Читаем Некрасов полностью

Мировая с Сатиным была подписана. Главную часть огаревского наследства — поместье — Шаншиев вернул владельцам. Оставшуюся сумму уплатил Некрасов и, покончив с этим, ринулся улаживать дела журнала, дела с собственной книгой и дела семейные.

Дела семейные заключались главным образом в утешении Ивана Ивановича. Бедняга совсем упал духом, не выходил из дому и не принимал никого. Он целые дни проводил в комнате Некрасова, так как из собственной квартиры его окончательно вытеснили приехавшие из деревни родственники.

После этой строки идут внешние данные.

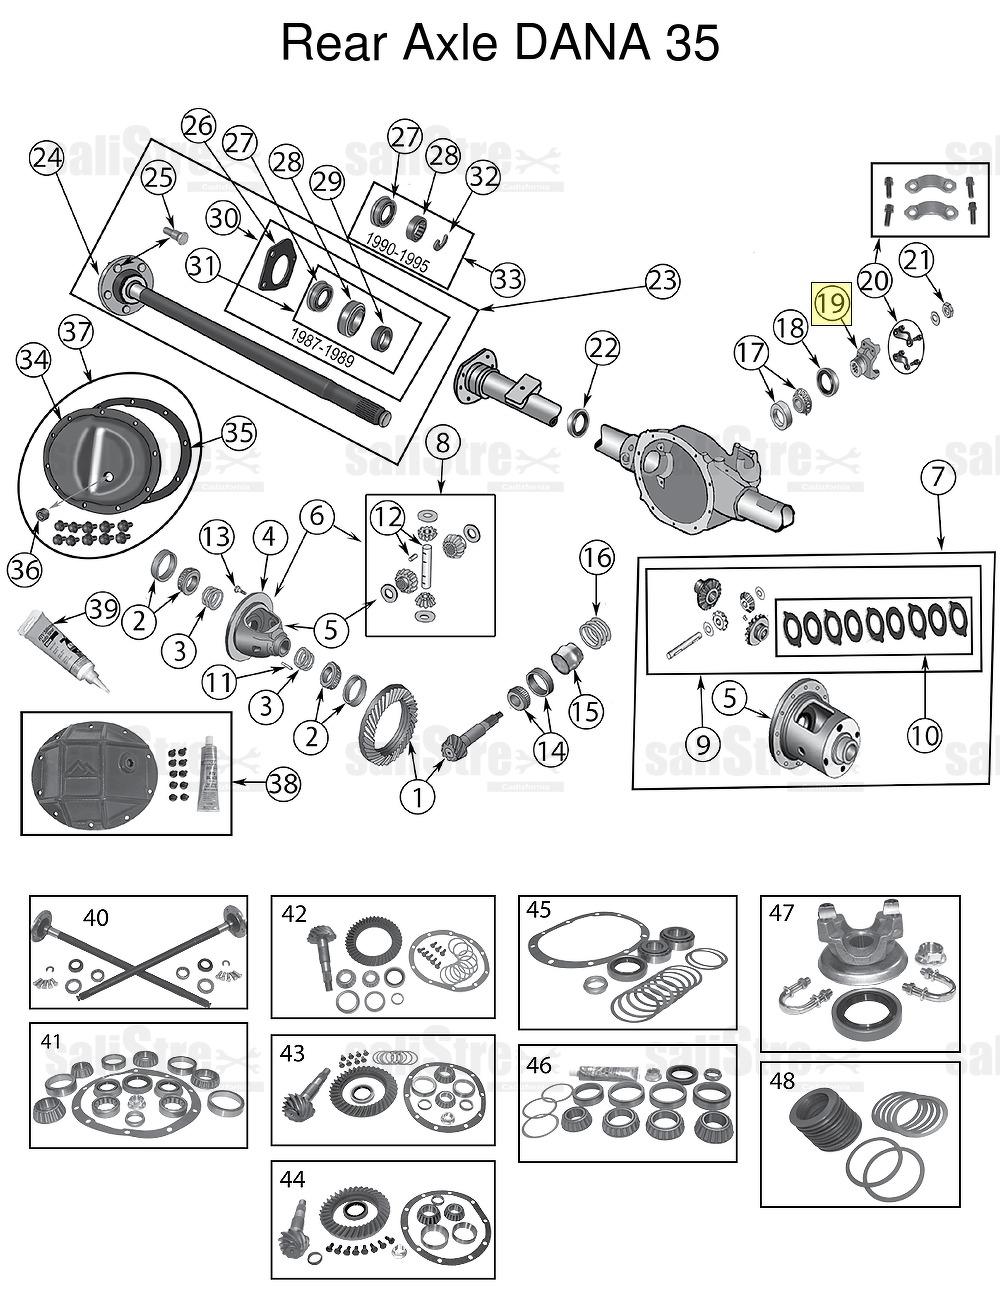 Ingresso o uscita Yoke Jeep Wrangler YJ 1993/1995 (2.5 L 4 ...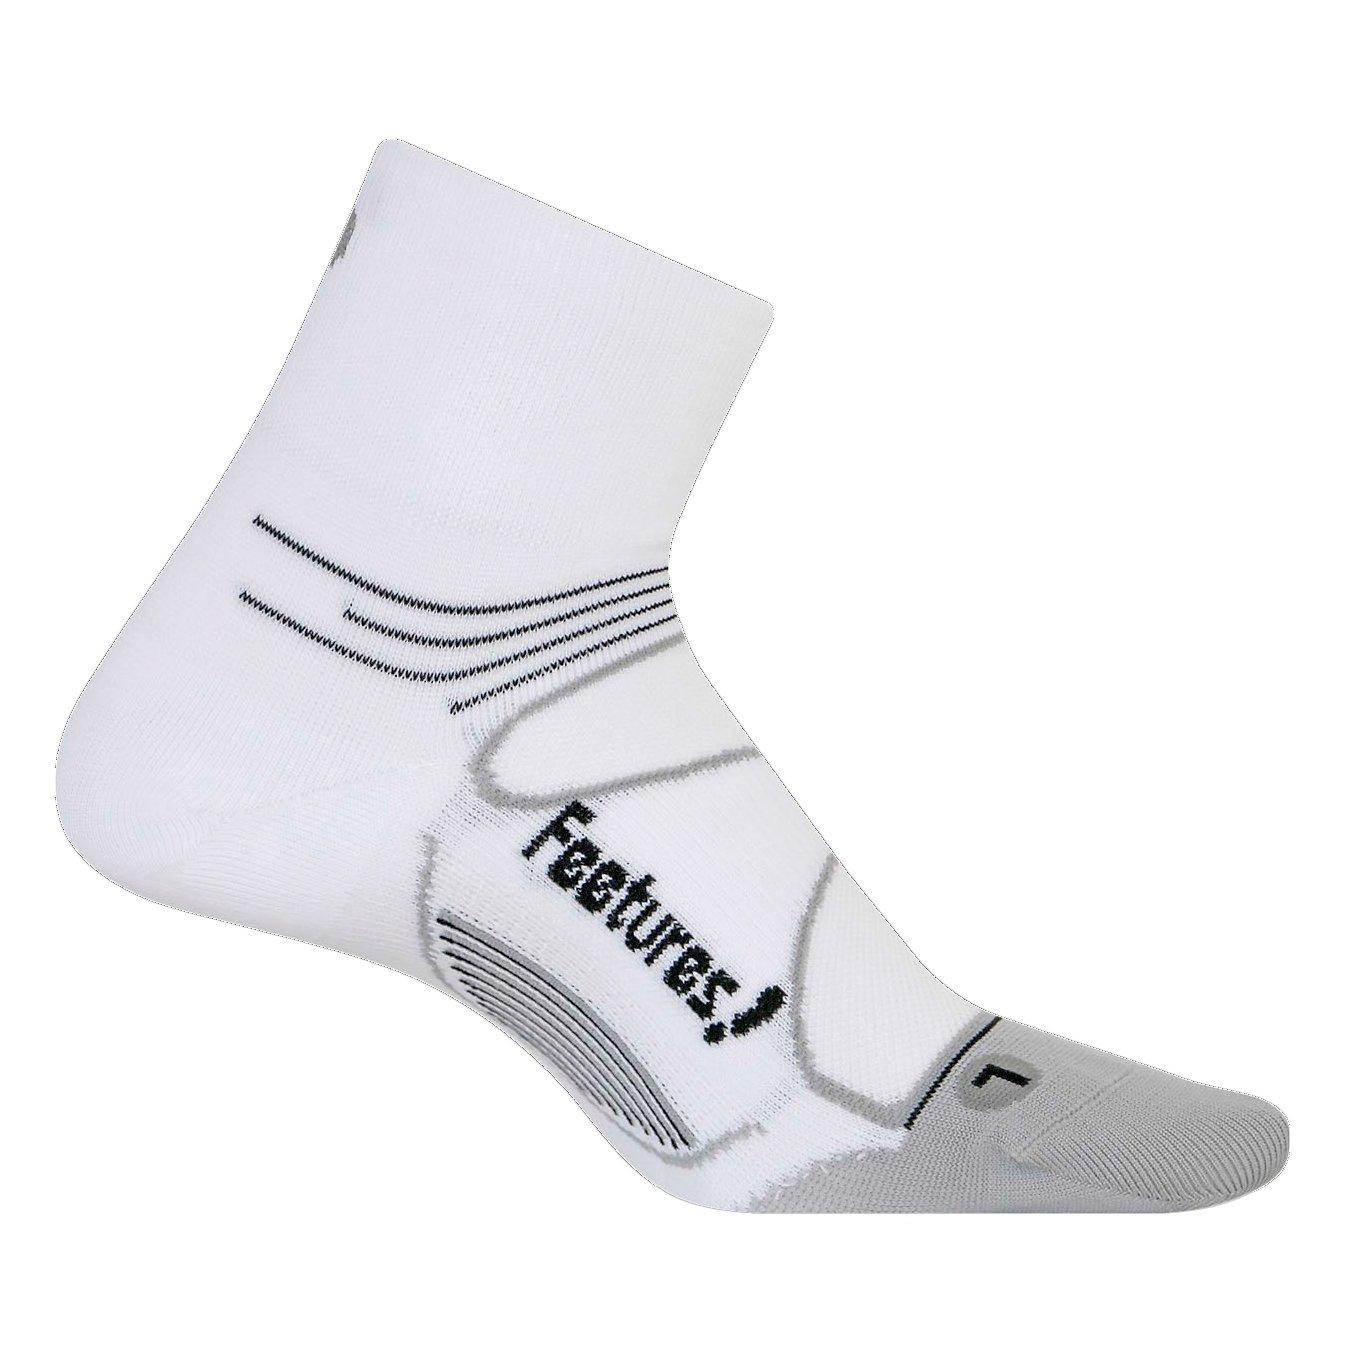 Feetures! SOCKSHOSIERY メンズ B011S89TKY L|White + Black White + Black L

Родственники расположились у него как дома, со своей дворней, сундуками, чадами и домочадцами. В передней громоздились корзины, по коридору шмыгали растрепанные девки с тазами и утюгами, в гостиной целыми днями бренчал рояль. Родственники приехали в Петербург переждать «тревожное время» и до приискания квартиры обосновались у Панаевых. Их нисколько не смущали несчастья, обрушившиеся на Панаевых, только девицы были оскорблены тем, что их не развлекают и не устраивают «приемов» в честь их приезда.

Некрасову было очень жаль Ивана Ивановича, — он выглядел таким напуганным, растерянным. Нечесаный и небритый, он целыми днями не снимал халата, валялся на диванчике около окна, вздрагивал при каждом звонке в передней. Отогнув край занавески, он пытался увидеть, кто это хочет попасть к нему в квартиру, и успокаивался, только услыхав, как слуга говорил посетителю, что господа больны и не принимают.

Когда мировая с Сатиным была подписана, Некрасов на обратном пути заехал в гастрономический магазин, отобрал целую корзину вин и закусок и притащил все это к себе в комнату. Он заставил Ивана Ивановича побриться и одеться, вытащил запершуюся у себя в спальне Авдотью Яковлевну и устроил, втайне от приезжих родственников, «тризну» по скончавшемуся огаревскому делу.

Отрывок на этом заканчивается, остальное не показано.